New Brunswick

Roger Melanson taps into contingency reserve as NB Power revenue falls

The New Brunswick government has tapped into its contingency fund as revenue expected to come from NB Power has fallen, according to the province's first quarter update.

Federal transfers rise by roughly $40M in first-quarter fiscal update

So is the deficit forecast increasing after Tuesday's fiscal update?

6 years ago
Duration 2:46
Harry Forestell talks to Treasury Board President Roger Melanson about the intricacies of its contingency reserve and deficit forecasting for the province.

The New Brunswick government has tapped into its contingency fund as revenue expected to come from NB Power has fallen, according to the province's first quarter update.

Treasury Board President Roger Melanson released the fiscal update in Fredericton on Tuesday.

Melanson said the provincial government has decided to tap into the contingency fund and pull out $20 million.

Treasury Board President Roger Melanson released the province's first quarter fiscal update on Tuesday.
"The contingency reserve is there to protect us against unforeseen events, including weakened revenue. That is why we are making use of the reserve at this time," said Melanson in statement.

The remaining $80 million is only for unexpected costs, Melanson said Tuesday.

"If we don't need it, we won't use it," he said. 

If the $80 million dollars goes unused, the projected deficit would drop dramatically, to $262.4 million. If the reserve is used, the deficit would be $342.4 million.

Melanson's projection this quarter was therefore that range - a deficit somewhere between those two amounts, both of which sit below the projected deficit of $347 million released with the budget. That figure would be $247 million if the contingency reserve were not spent.

'Smoke and mirror reports'

But Progressive Conservative finance critic Blaine Higgs said the government's inability to nail down specific projections is an embarrassment.

Progressive Conservative finance critic calls Liberal government's 'contingency reserve' smoke and mirrors.
"We have an $8.5 billion enterprise here in the province of New Brunswick, and we're not sure what the numbers are?" he said following the announcement.

He says the only reason the contingency fund exists is so that the Liberals can manipulate their numbers.

"We're seeing smoke and mirror reports, we're seeing trying to cover up the reality of our spending spree that is out of control, and we see our deficit situation getting worse."

Changes in revenue, spending

The fiscal update outlines the various changes in government spending and revenue.

"Our first-quarter update reflects new federal funding and related spending for investments in areas like affordable housing, post-secondary institutions, clean water and waste water," Melanson said in a statement.

"Aside from the new federal funding, our expenses are below budget, reflecting our ongoing commitment to managing spending and finances in a diligent manner."

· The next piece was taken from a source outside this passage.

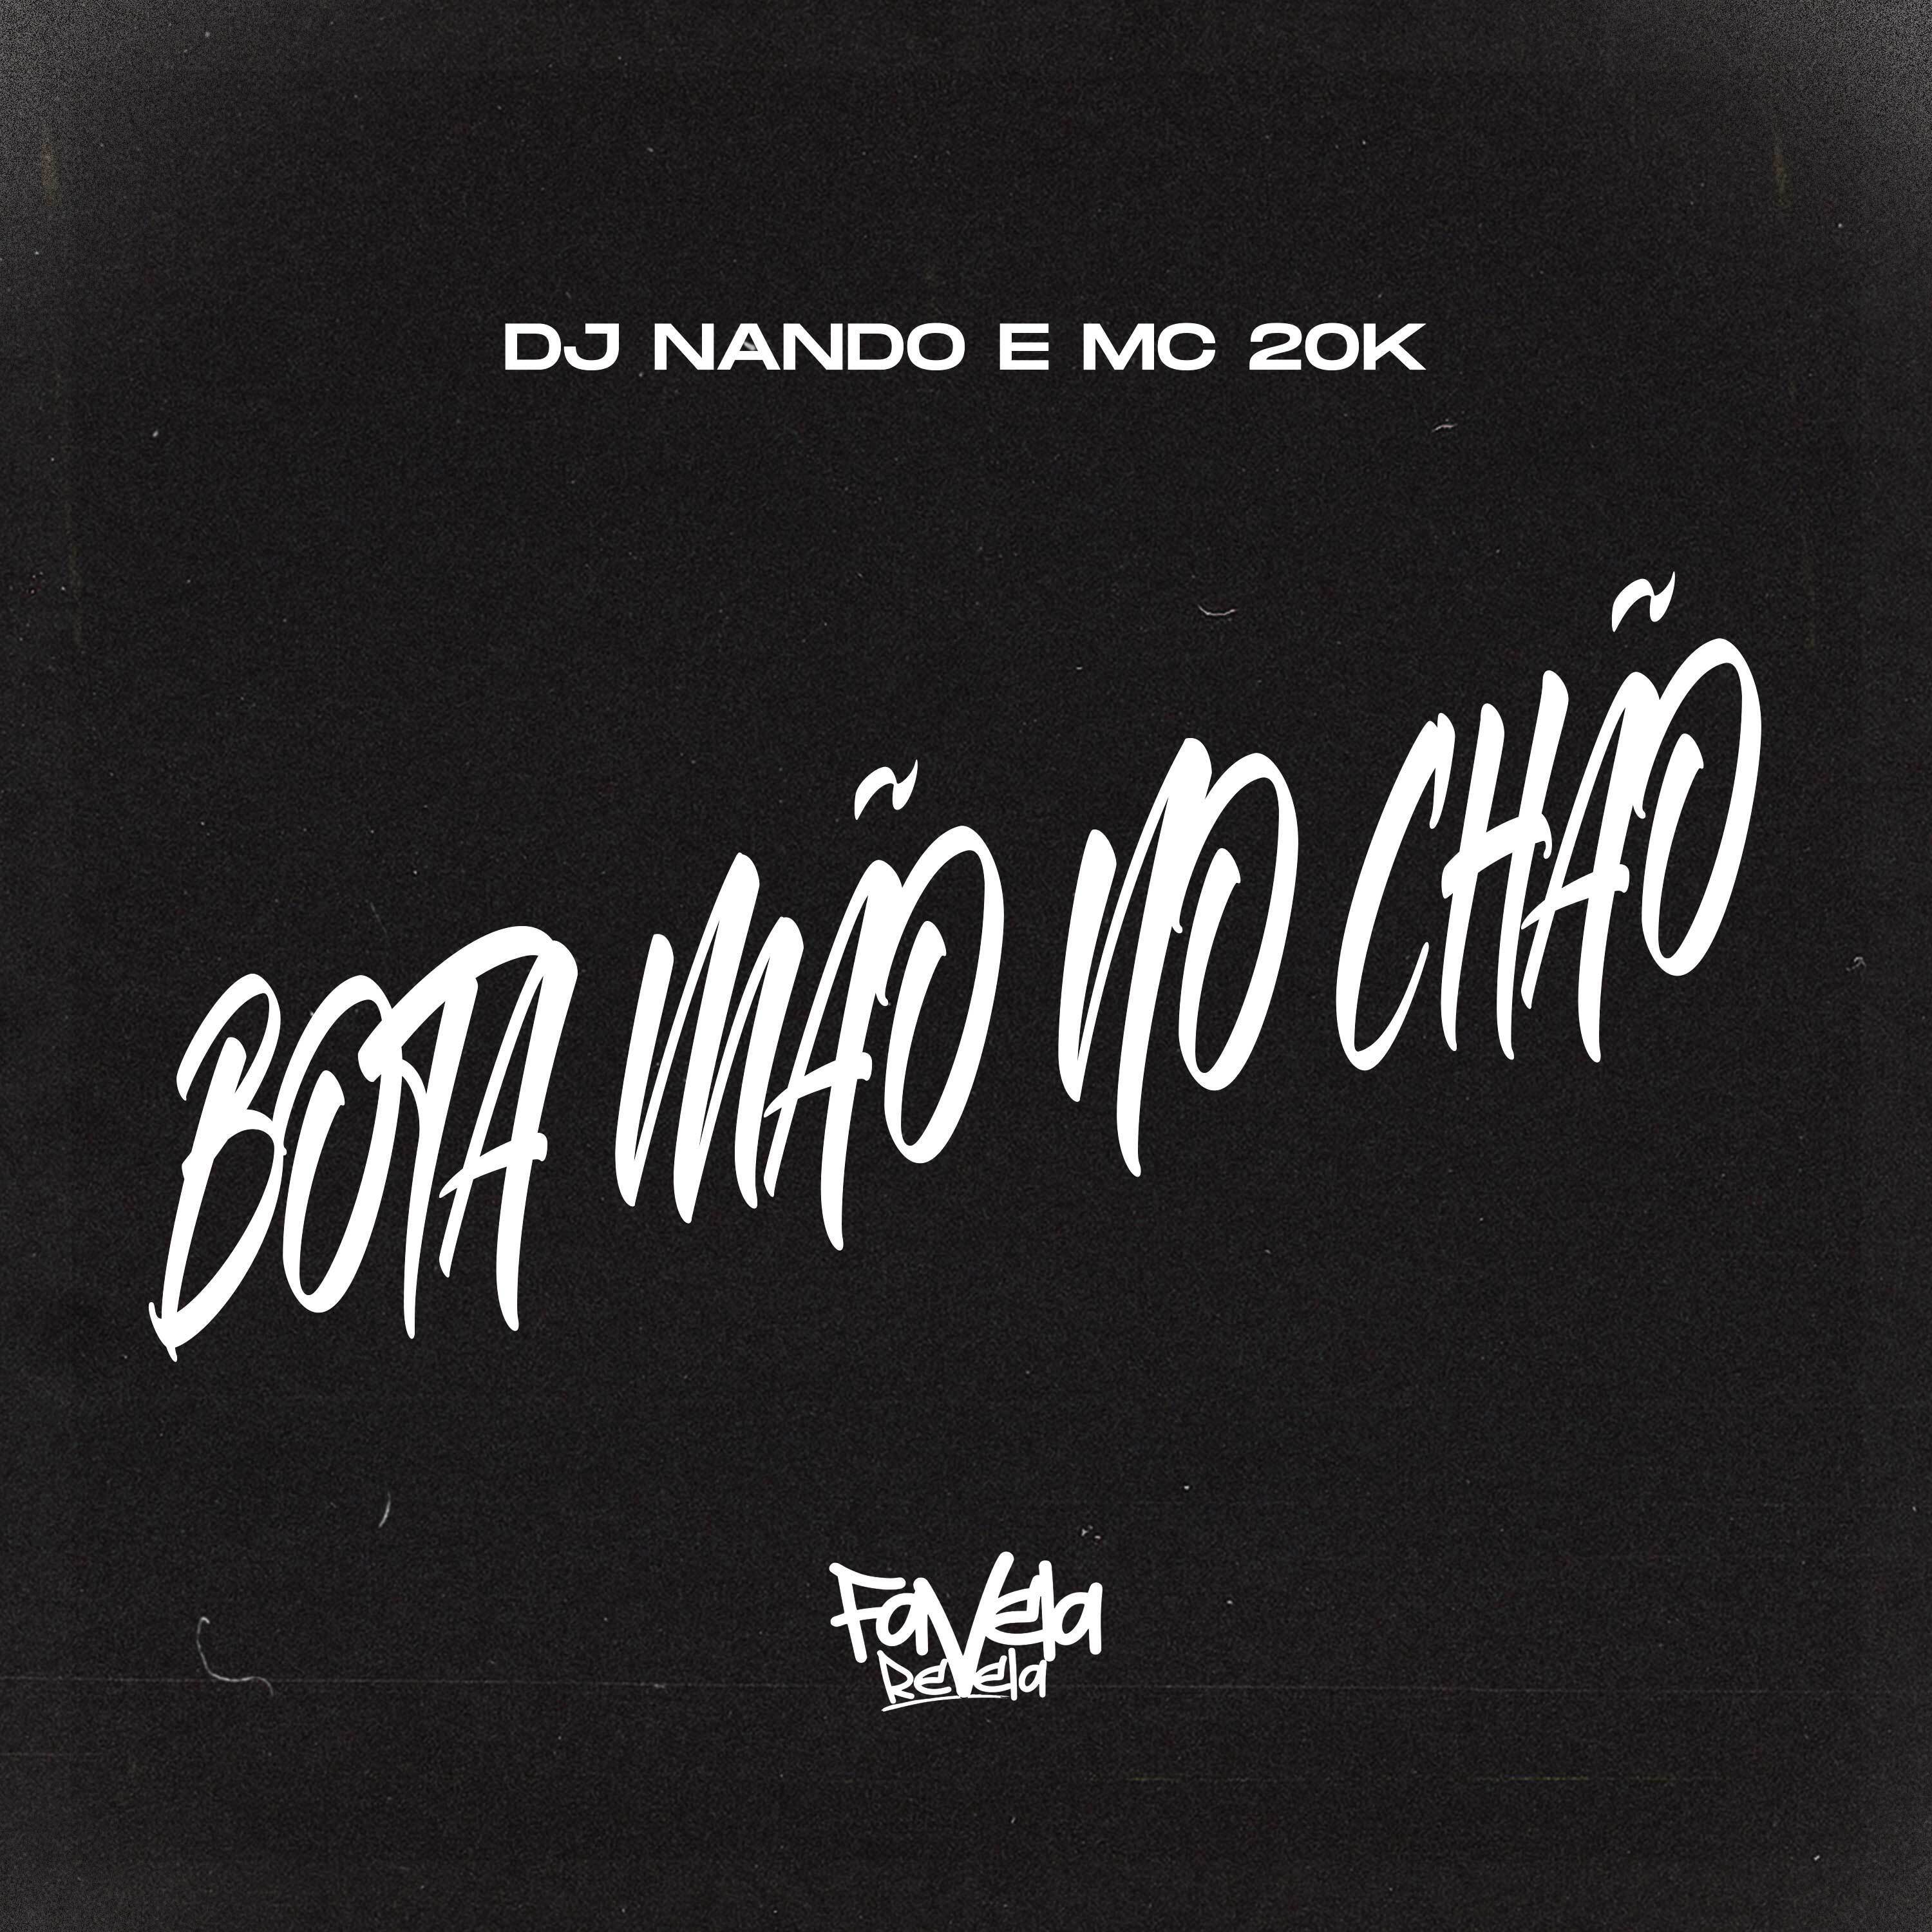 DJ Nando - Bota Mão no Chão

New Brunswick received $23.1 million in conditional grants from various federal programs and $21.9 million in new federal funding for other infrastructure funds.

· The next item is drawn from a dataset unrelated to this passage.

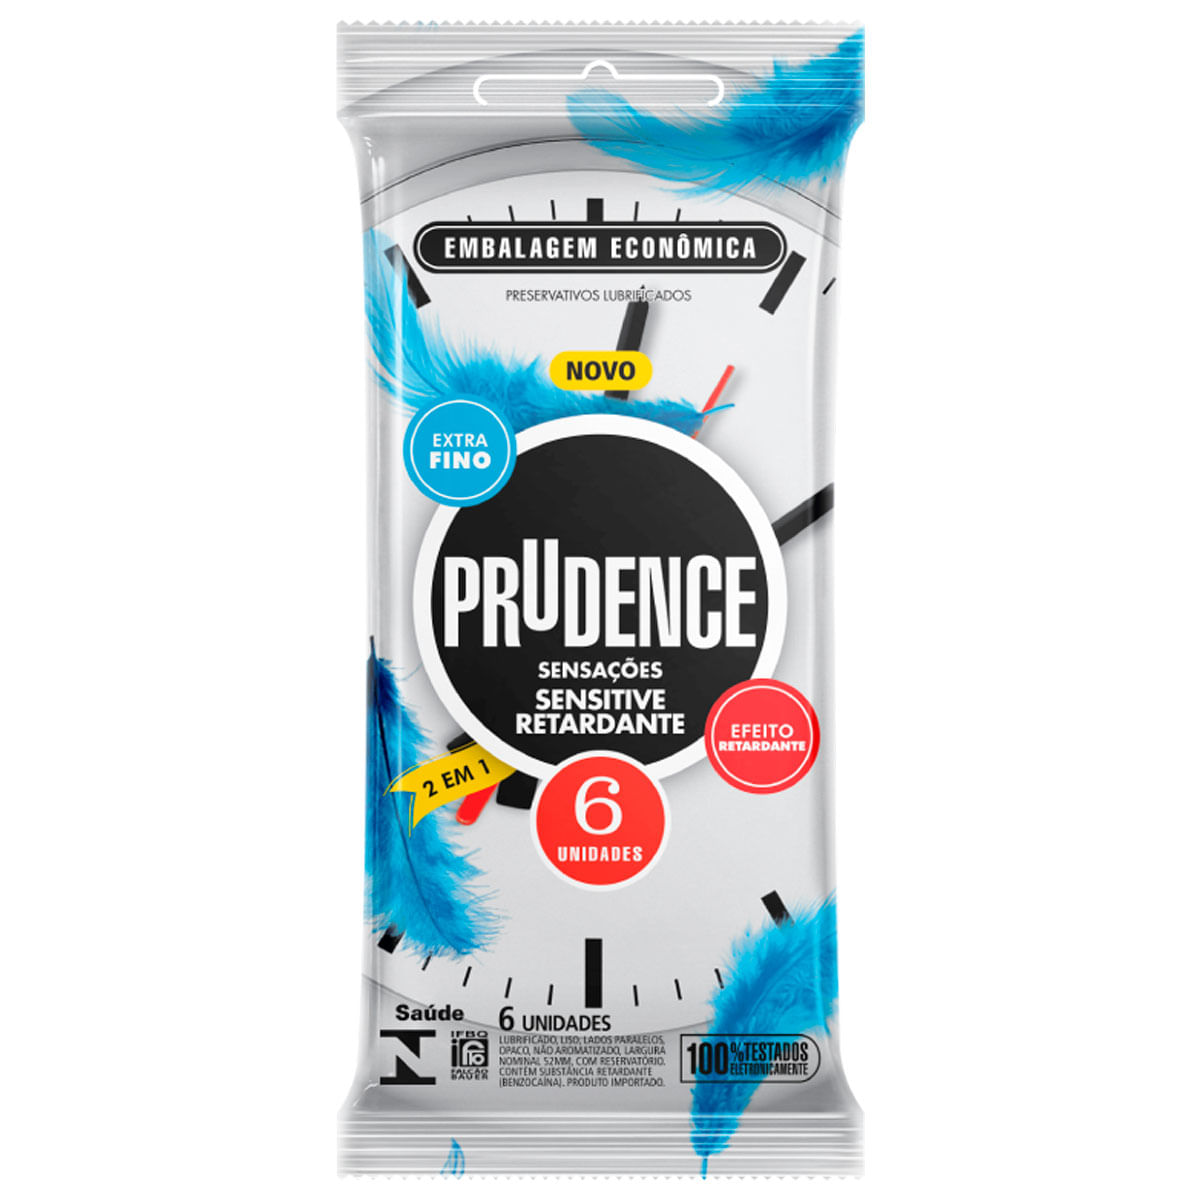 Preservativo Sensitive Retardante Extra Fino 2 em 1 com 6 unidades Prudence

The fiscal update says return on investment is down $49.3 million, primarily because of a drop in revenues from NB Power.

HST increased on July 1

That projected deficit from earlier in the year is despite the province bringing in $300 million in additional revenue this year by increasing the Harmonized Sales Tax by two percentage points, putting it at 15 per cent.

The HST increase only took effect on July 1, so the first quarter results released by Melanson on Tuesday do not include that additional revenue.

New Brunswick has projected a deficit of $466.4 million in 2015-16. That figure includes the contingency fund of $150 million.

The province's net debt is forecast to increase to $13.4 billion by the end of the current fiscal year and the government has stated it is still years away from delivering a balanced budget.